With we all set to bid adieu to 2015 and welcome the new year of 2016, it’s time we discussed about ‘new year’ according to various customs.
Hindu New Year
Hindu New Year is celebrated according to the Hindu Lunar Calendar- ‘Panchanga’. The popular name of the Hindu New Year is ‘Vikram Samvat’. In the Indian Calendar, seasons follow the sun, months follow the moon and days both sun and moon. The calendar began in 57 BC, so to correspond with the solar calendar 57 years need to be subtracted from the Hindu Year. New Year falls at the time and date the Sun enters Aries on the Hindu calendar which is normally on 13th or 14th of April, depending on the Leap year. The New Year is celebrated with children (younger and elder) paying respect to their parents and other elders and by seeking their blessings. They also exchange tokens of good wishes for a healthy and prosperous year ahead.
Islamic New Year
Islam has a lunar based calendar with 354 days. Accordingly the New Year date changes every year as the Islamic Calendar is 11 days shorter than the solar calendar. ‘Maal Hijra’ or Islamic New Year is celebrated on the first day of Muharram (the first Islamic month). The word Muharram also means respect. It is more of a cultural event than a New Year celebration. People welcome the New Year with peace and prayers. The Islamic calendar started counting the years from July 16, 622 AD, which is the estimated date of Muhammad’s flight to ‘Yathrib’.
Jewish New Year
New Year for Jewish people is one of their most important events. The months of September and October are for welcoming the New Year. Festival celebrations begin with ‘Rosh Hashanah’ and ends with ‘Yom Kippur’. The origin of Jewish New Year can be traced from the Bible and takes place in the month of ‘Tishri’ (that is the months of September and October according to the Gregorian calendar). It’s actually a 10 day long celebration, beginning at sundown of first day and lasting until sundown on the tenth day.
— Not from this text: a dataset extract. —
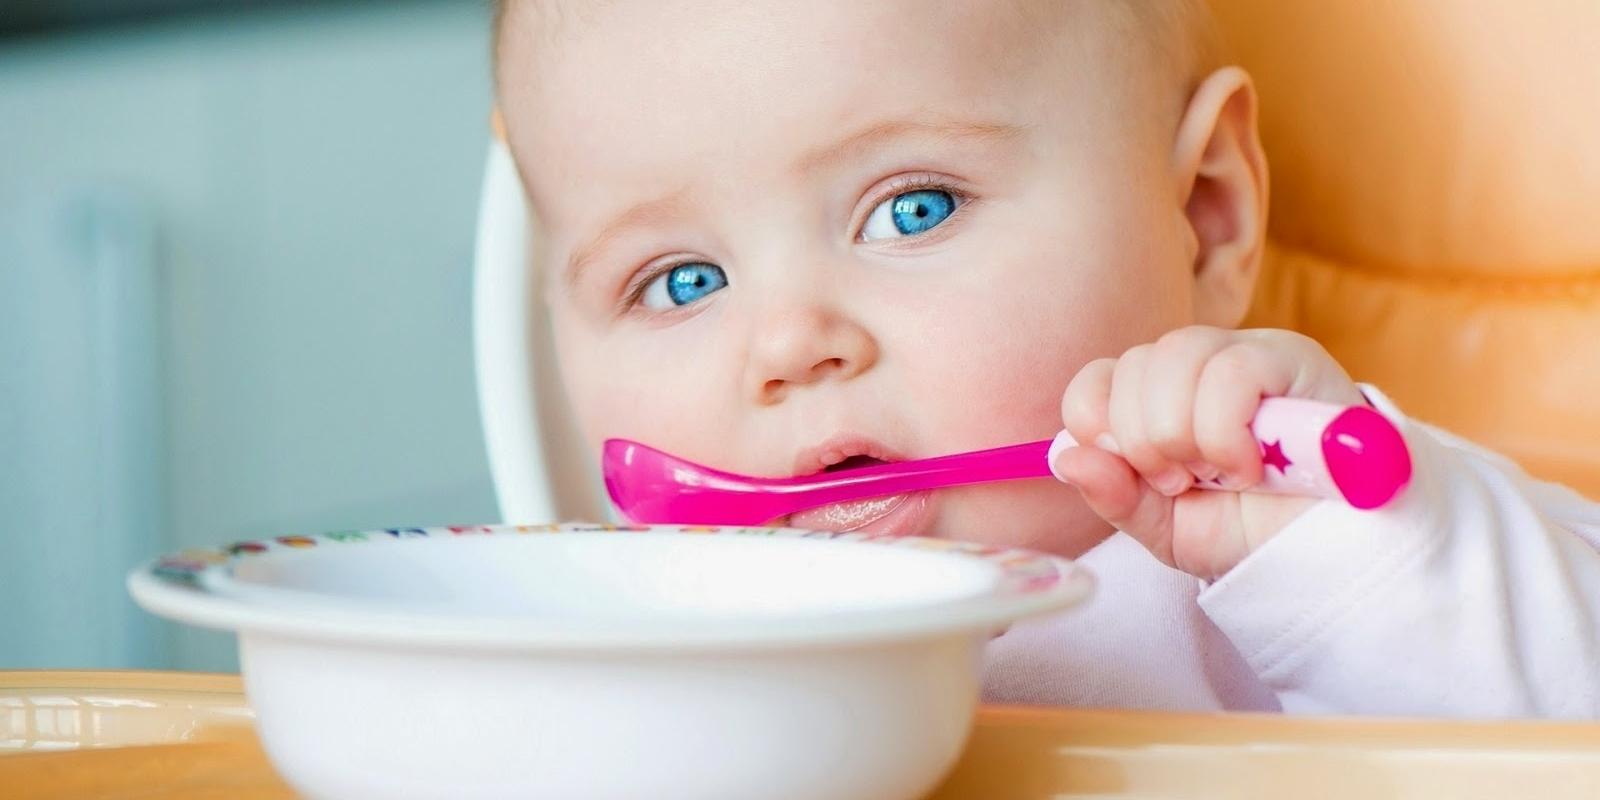 Питание 5 месячного ребенка на искусственном вскармливании
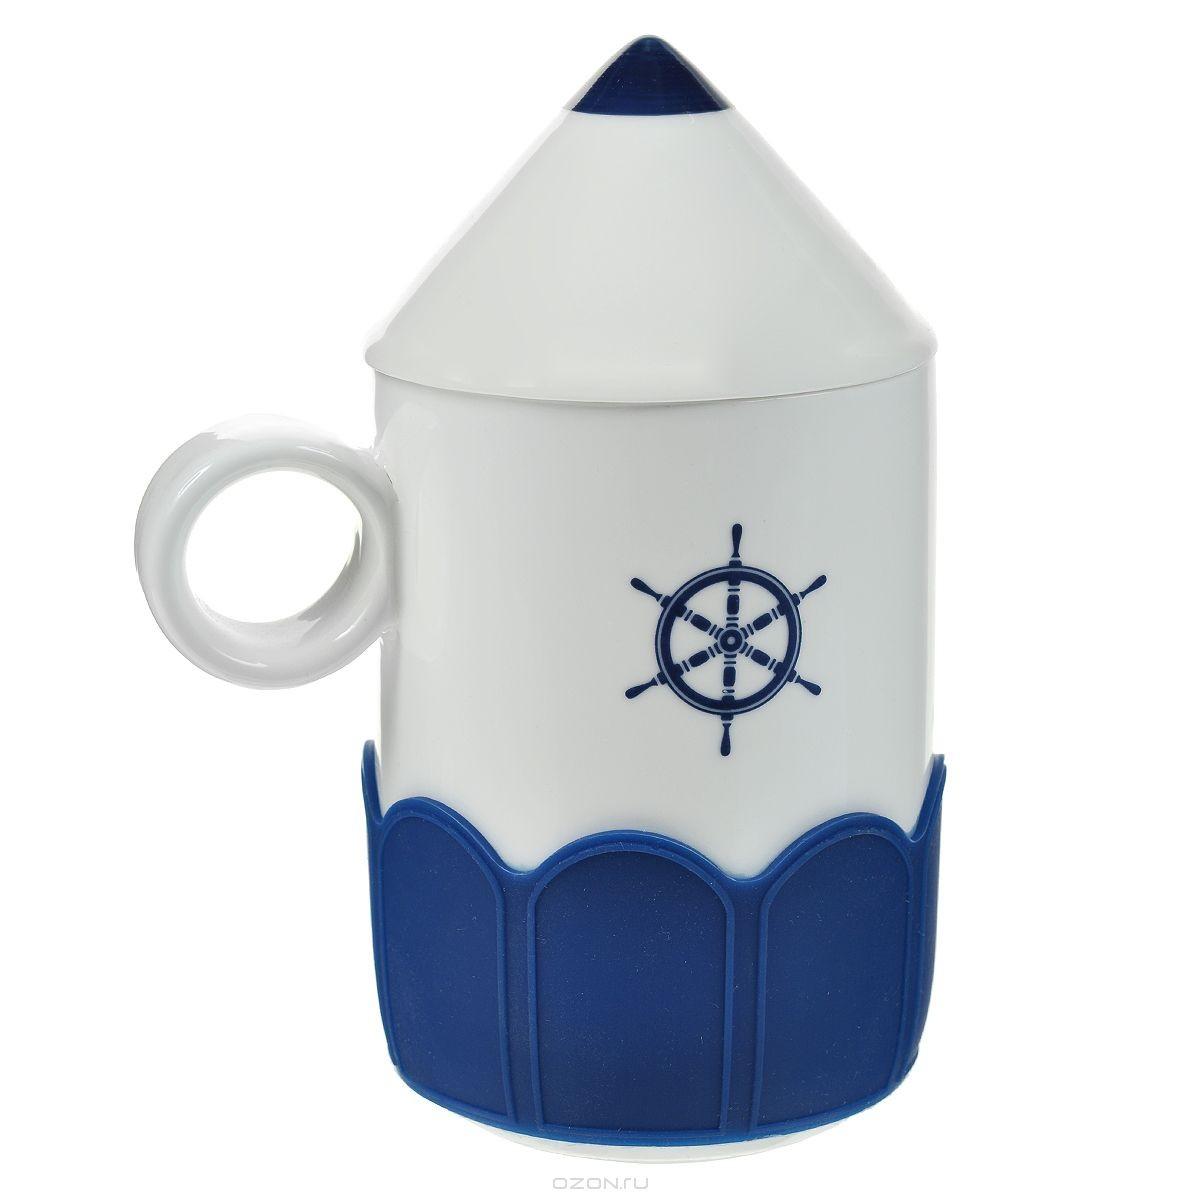 Кружка Карандаш, с крышкой, цвет: белый, синий.

Rosh Hashanah is celebrated the first two days. ‘Rosh Hashanah’ occurs 163 days after the first day of Passover (Pesach). In terms of the Gregorian calendar, this means that the date of New Year varies. The earliest date on which ‘Rosh Hashanah’ can fall is September 5, as happened in 1899 and again in 2013. The latest ‘Rosh Hashanah’ can occur is on October 5, as happened in 1967 and will happen again in 2043.
Christian New Year
Dionysius Exiguus was the calculator of the Anno Domini dating system. Anno Domini or “the year of our Lord” is the dating system used in the West and is based on the calculated date of Jesus Christ’s birth. There was no year zero and the system started directly at 1 AD. The adoption of this dating system occurred at different times and in different places throughout Europe during the early middle ages.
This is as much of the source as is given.